RogerBW's Blog

The Weekly Challenge 166: Hexing the Directories 26 May 2022

I’ve been doing the Weekly Challenges. The latest involved word searching and directory mangling. (Note that this is open until 29 May 2022.)

Task 1: Hexadecimal Words

Write a program that will read from a dictionary and find 2- to 8-letter words that can be "spelled" in hexadecimal, with the addition of letter substitutions (O = 0, I or L = 1, S = 5, T = 7)

Optional extras:

Limit the number of "special" letter substitutions in any one result to keep that result at least somewhat comprehensible. (0x51105010 is an actual example from my sample solution you may wish to avoid!)

Find phrases of words that total 8 characters in length (e.g., 0xFee1Face), rather than just individual words.

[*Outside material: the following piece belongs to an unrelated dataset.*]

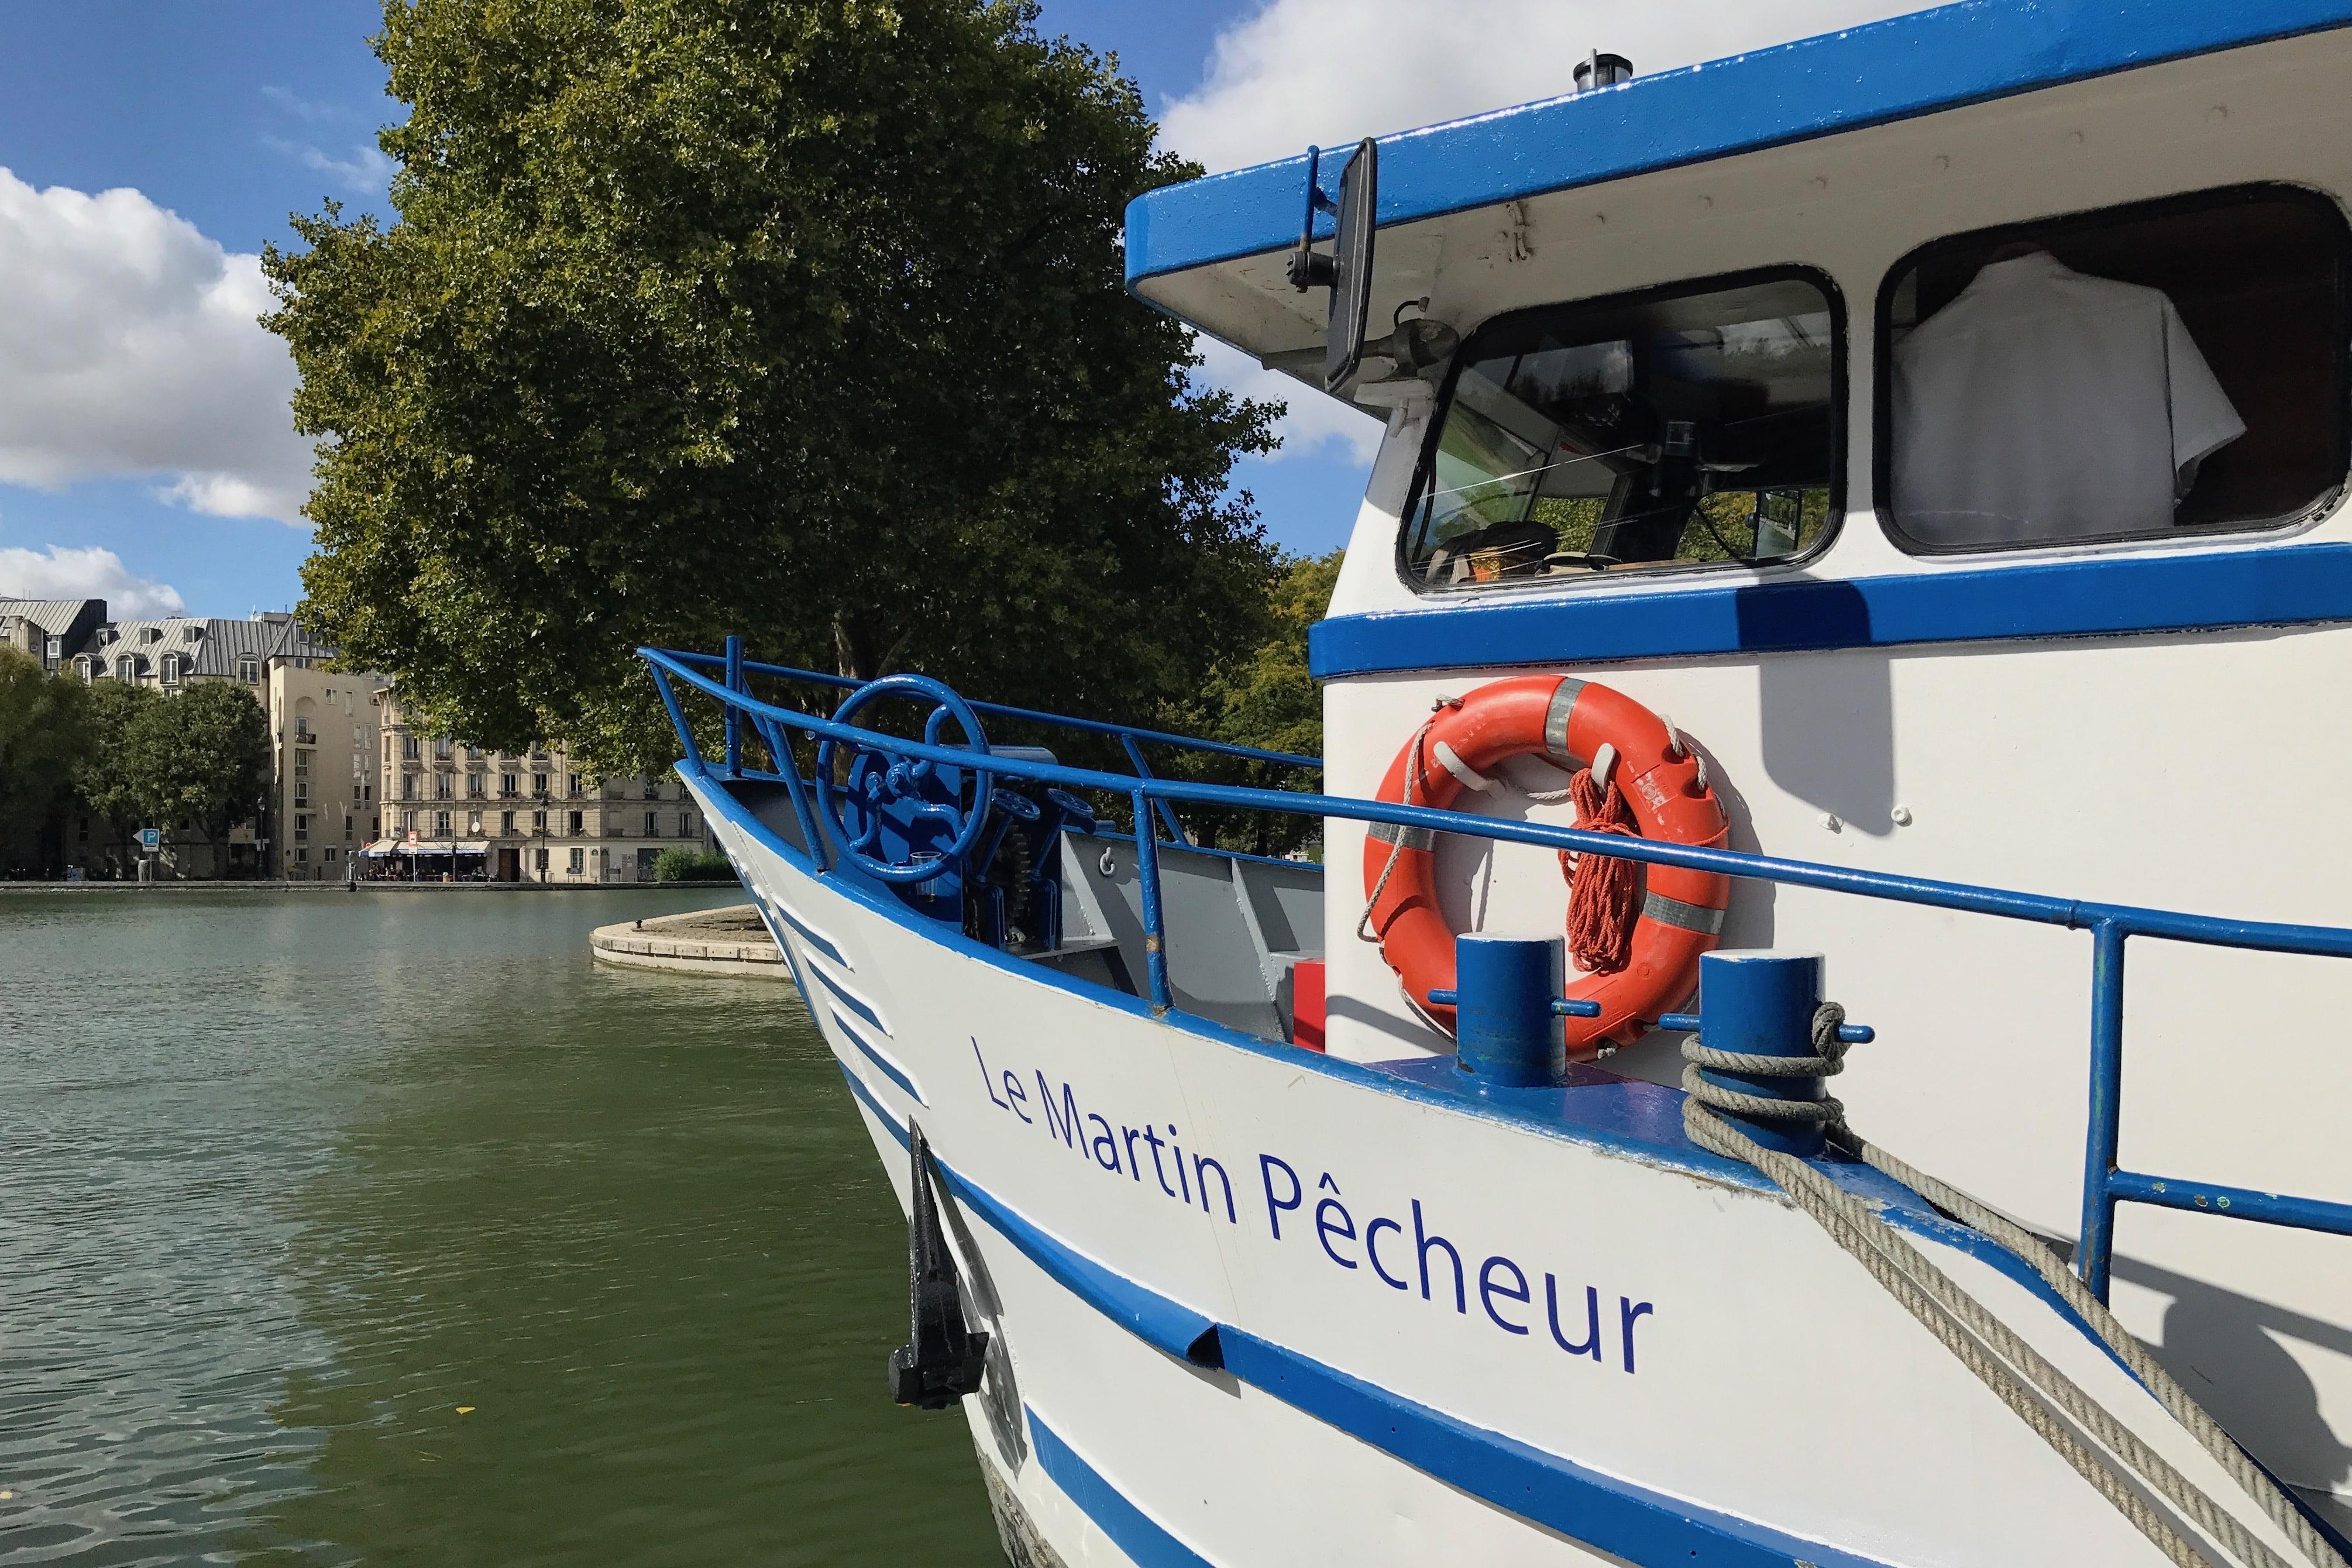 Martin Pêcheur proue de jour
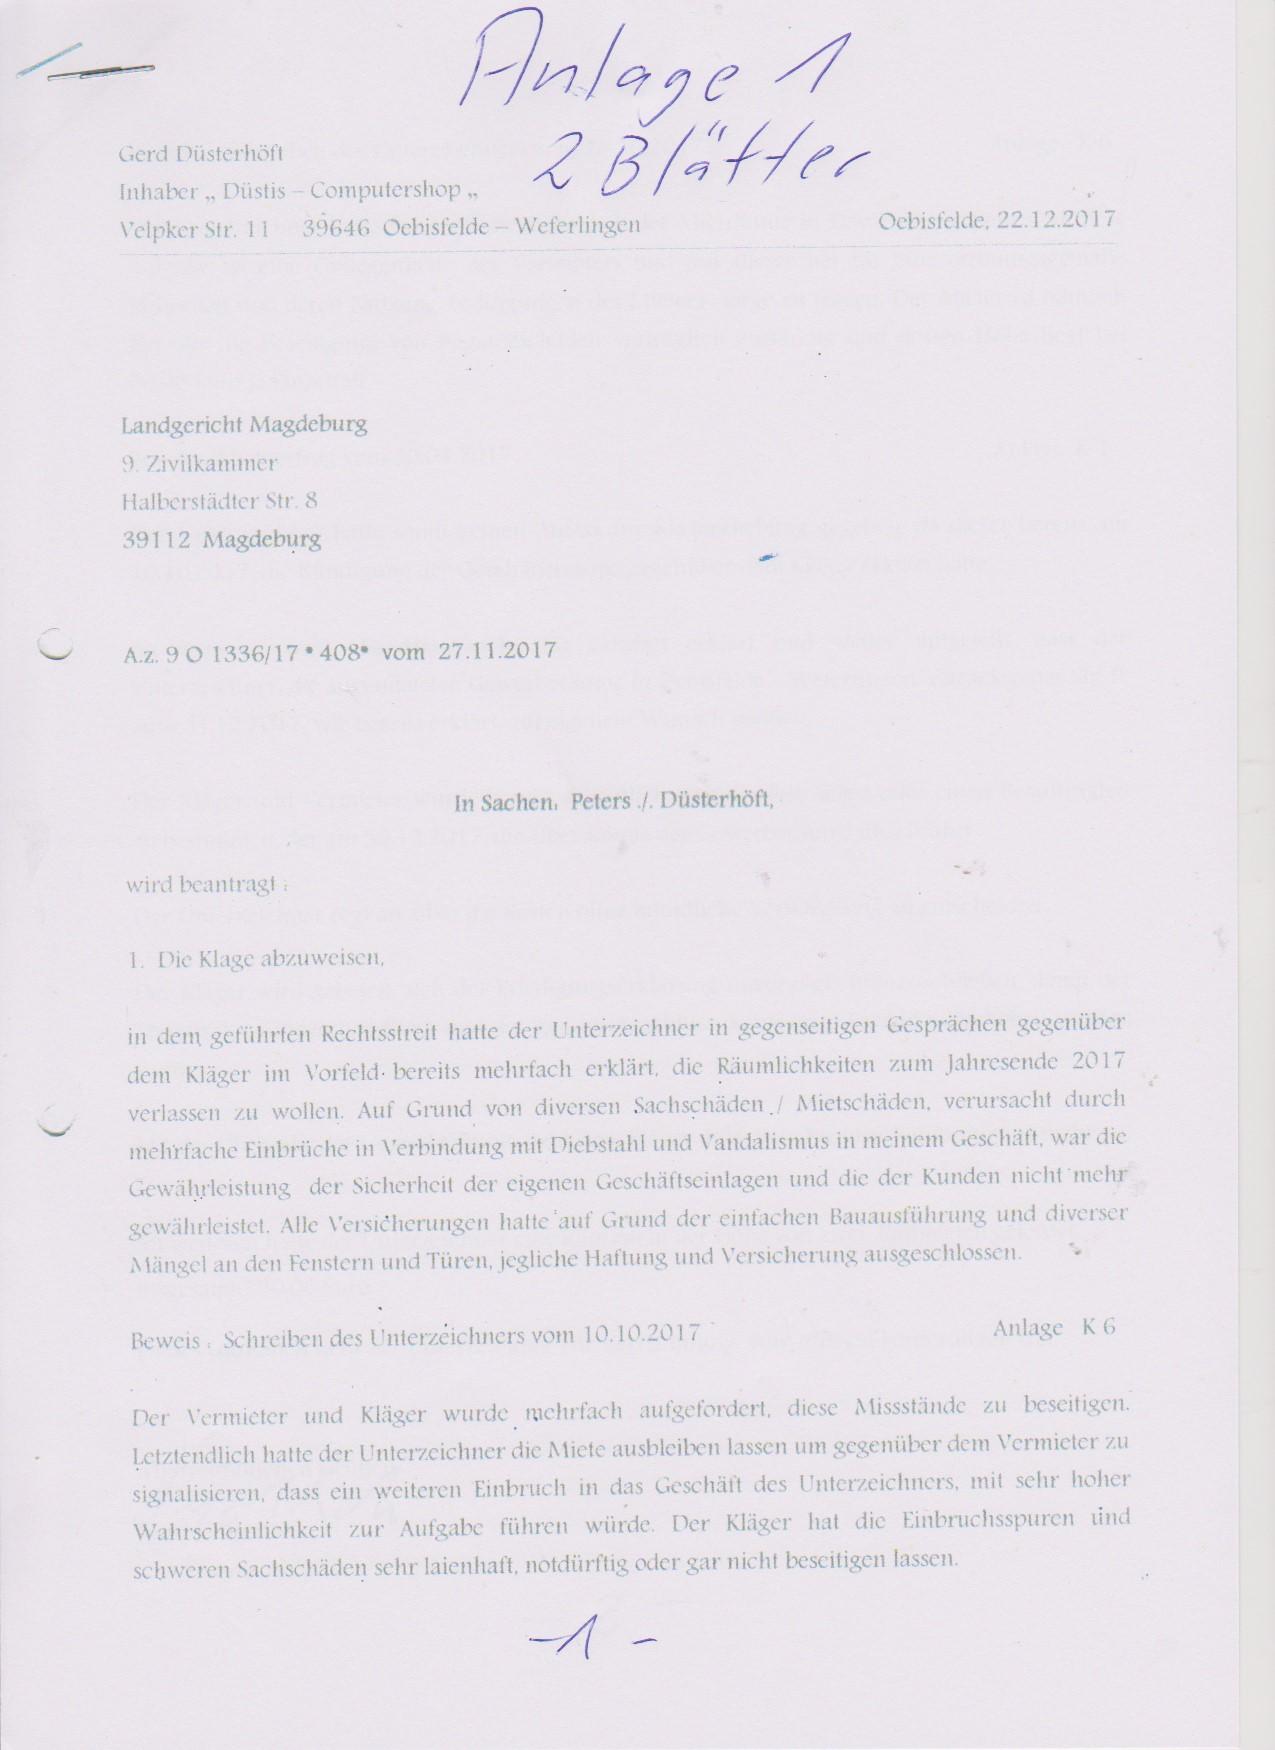 Klageerwiederung an Richtein Soehring vom Landgericht Magdeburg

I decided to roll the maximum-specials into the main function. To check my test cases, I also did a shell version:

"words of 2-8 letters, up to 8 specials":

$ egrep -i "^[abcdefoilst]{2,8}$" dictionary.txt|wc -l
1463

"words of 8 letters, up to 8 specials":

$ egrep -i "^[abcdefoilst]{8}$" dictionary.txt|wc -l
164

"words of 2-8 letters, no specials":

$ egrep -i "^[abcdef]{2,8}$" dictionary.txt|wc -l
45

"words of 2-8 letters, at most 1 special":

$ egrep -i "^[abcdefoilst]{2,8}$" dictionary.txt|grep -v "[oilst].*[oilst]"|wc -l
244

So that can be done with a three-parameter function: minimum length, maximum length, maximum specials. In Rust:

fn hexwords(lo: usize, hi: usize, sb: usize) -> Vec<String> {
    let mut out: Vec<String> = Vec::new();
    let file = File::open("dictionary.txt").unwrap();
    let reader = BufReader::new(file);
    for lx in reader.lines() {
        let line = lx.unwrap();

Filter lines to an appropriate length.

        if line.len() >= lo && line.len() <= hi {
            let mut valid = true;
            let mut sbc = 0;

Check each character: specials increment the count and may cause an early exist, disallowed characters cause an early exit, but if nothing caused an exit add the word to the output list.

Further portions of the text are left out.